Work order: Write out the listing below in full and exactly, leaving out every picture.

--- Data block ---

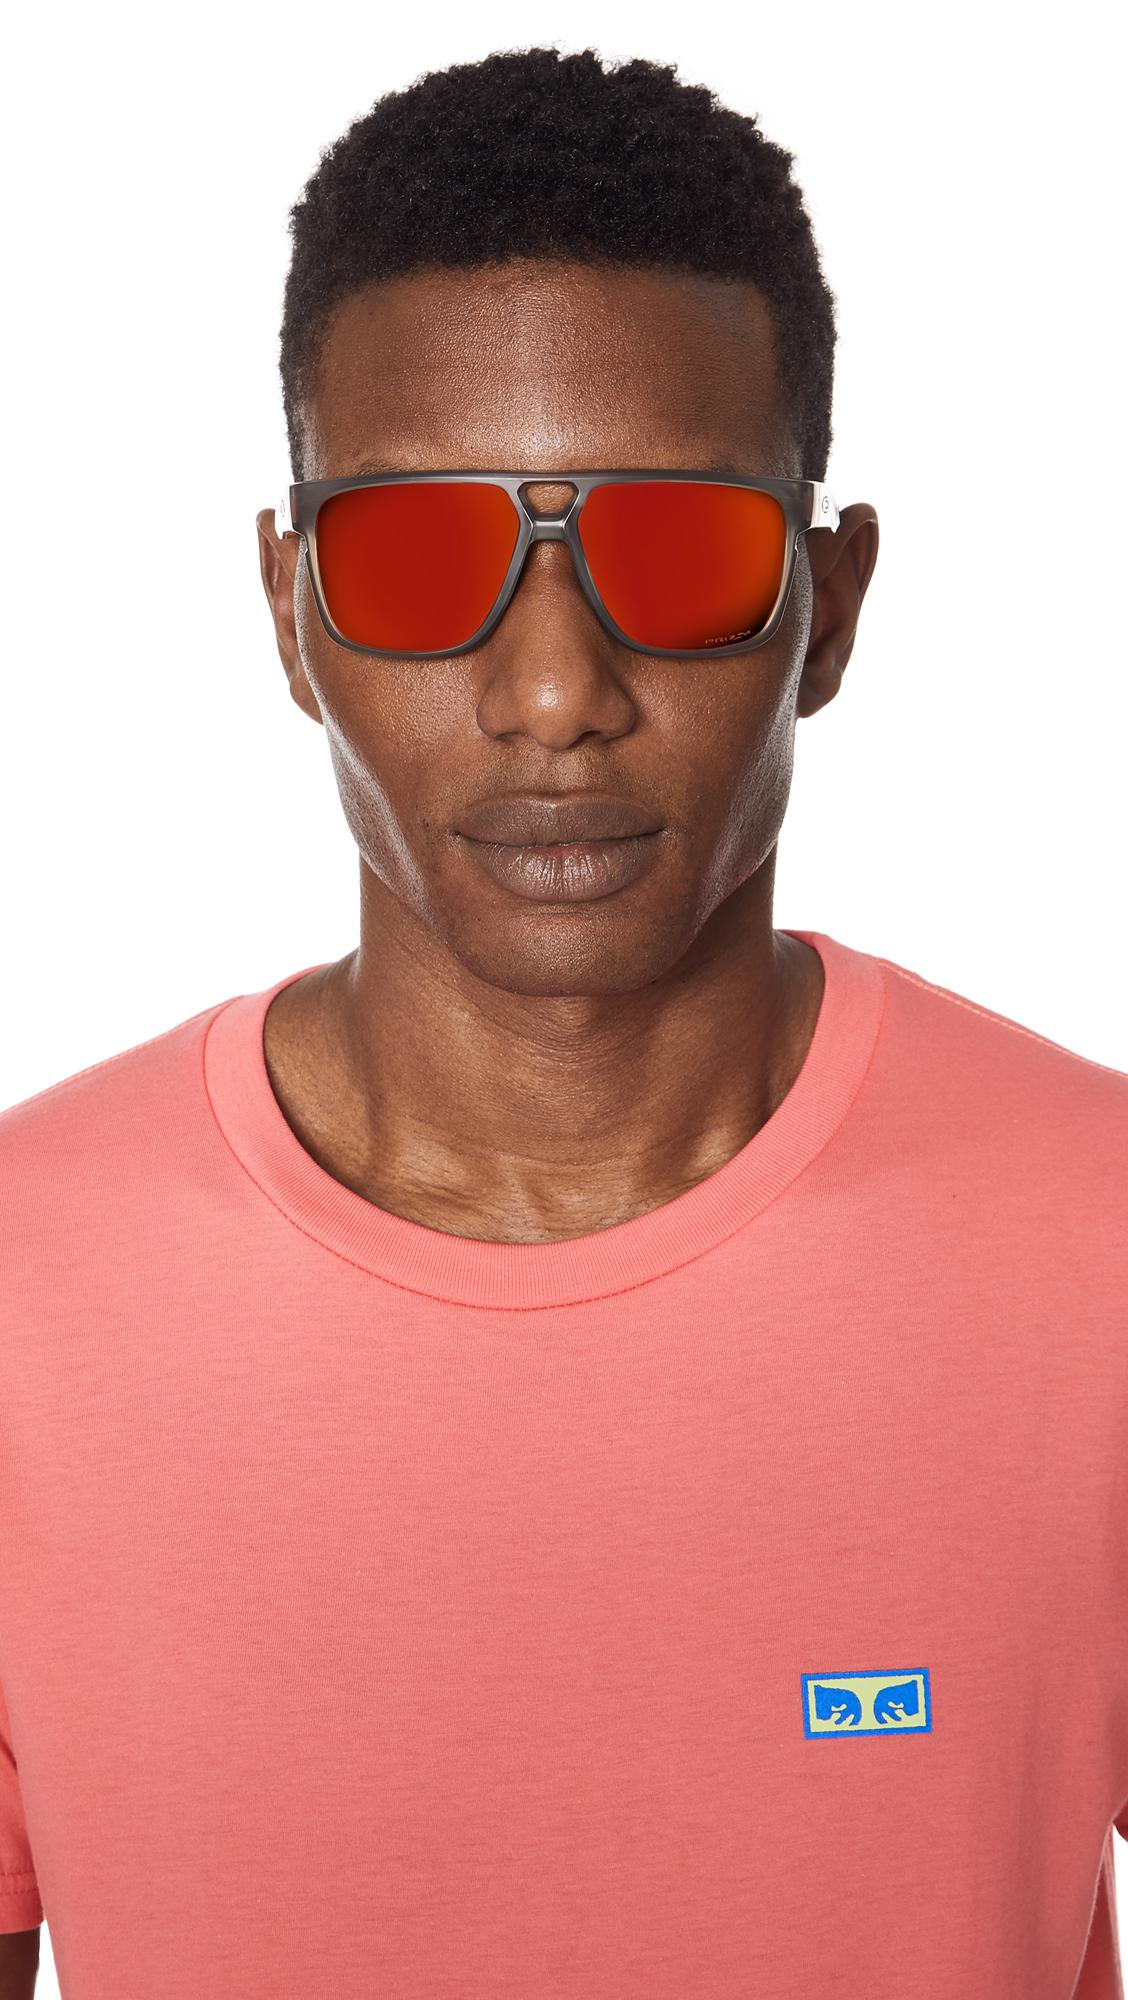 82e3b5ffe56 Oakley - Multicolor Crossrange Patch Prizm Sunglasses for Men - Lyst. View  fullscreen
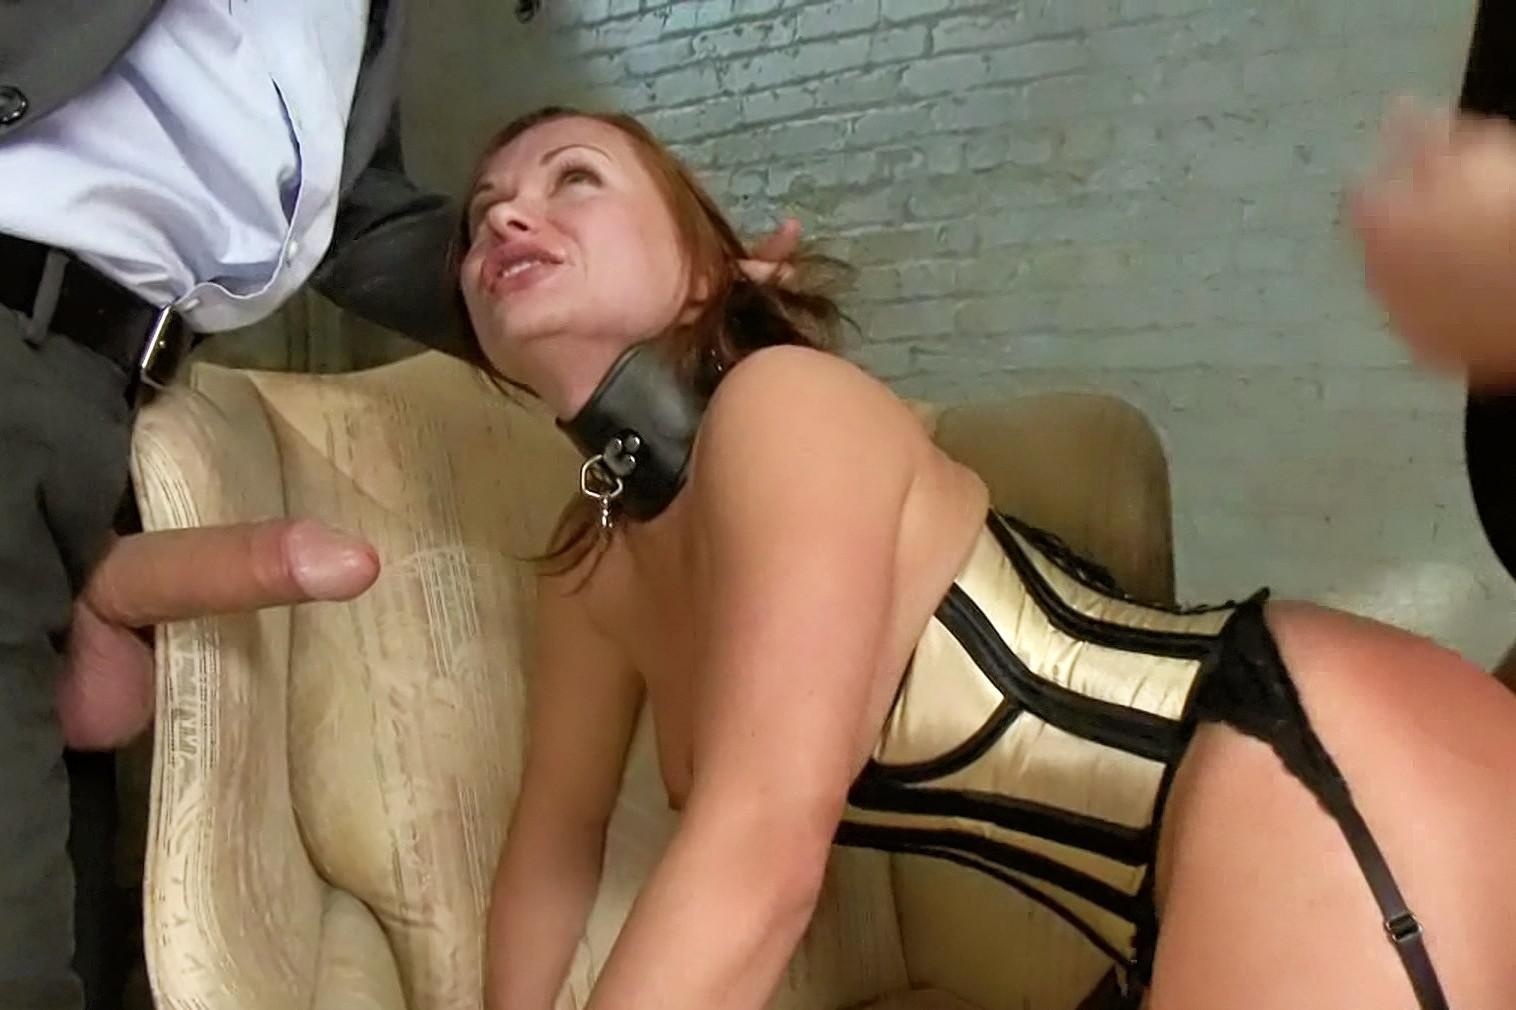 Porn online movies bdsm free
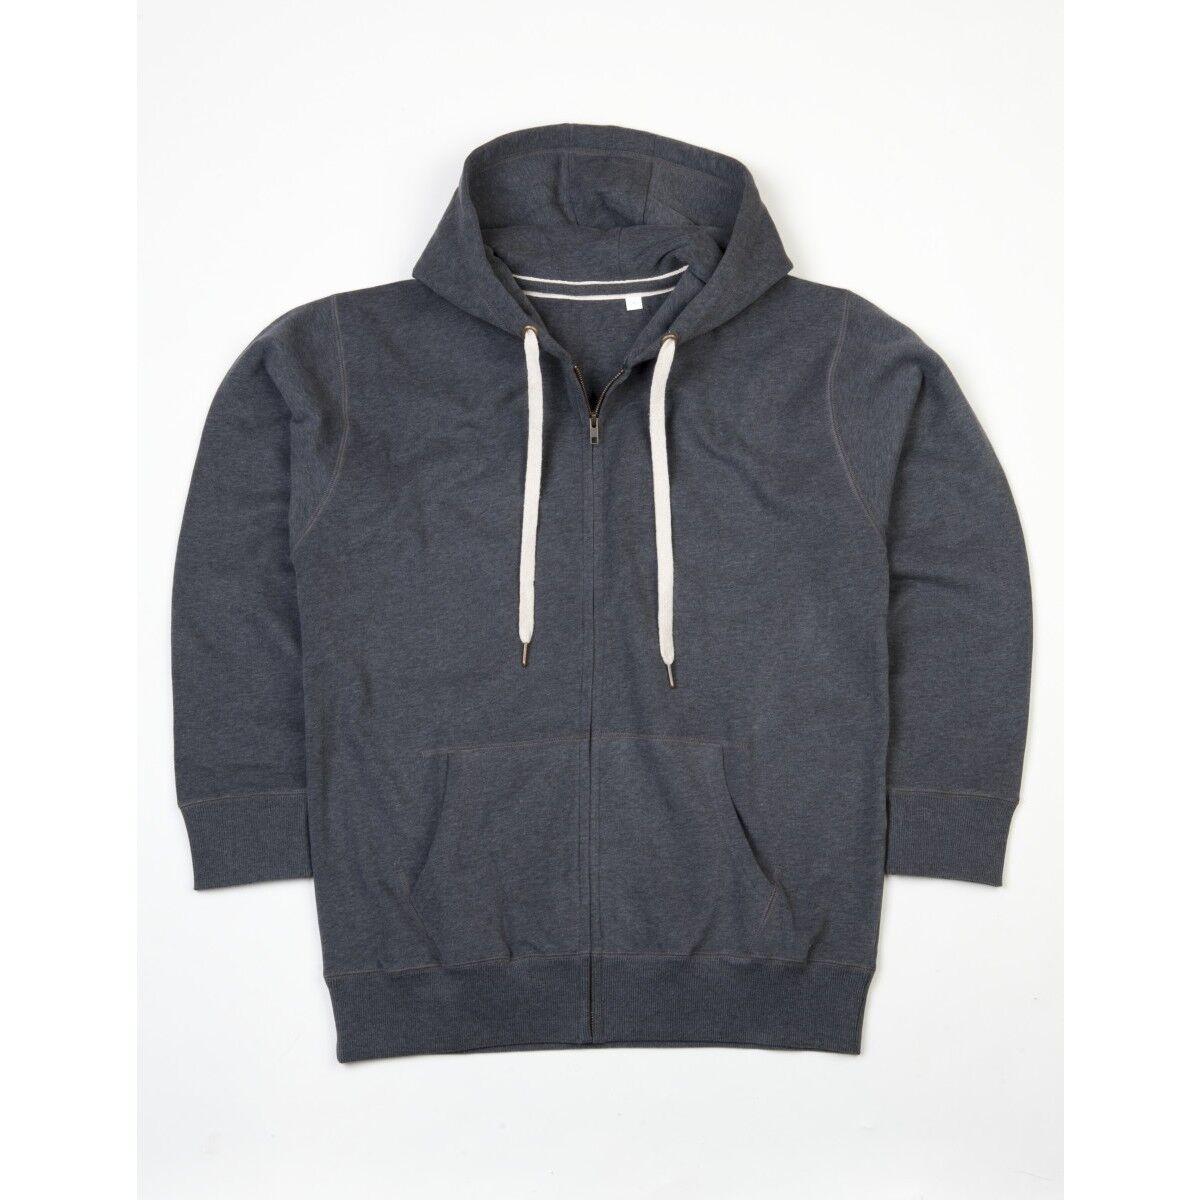 Zipped Mantis Hoodie - Charcoal Grey

---

Solved problem:
 82e3b5ffe56 Oakley - Multicolor Crossrange Patch Prizm Sunglasses for Men - Lyst. View  fullscreen
 Porn online movies bdsm free
 Zipped Mantis Hoodie - Charcoal Grey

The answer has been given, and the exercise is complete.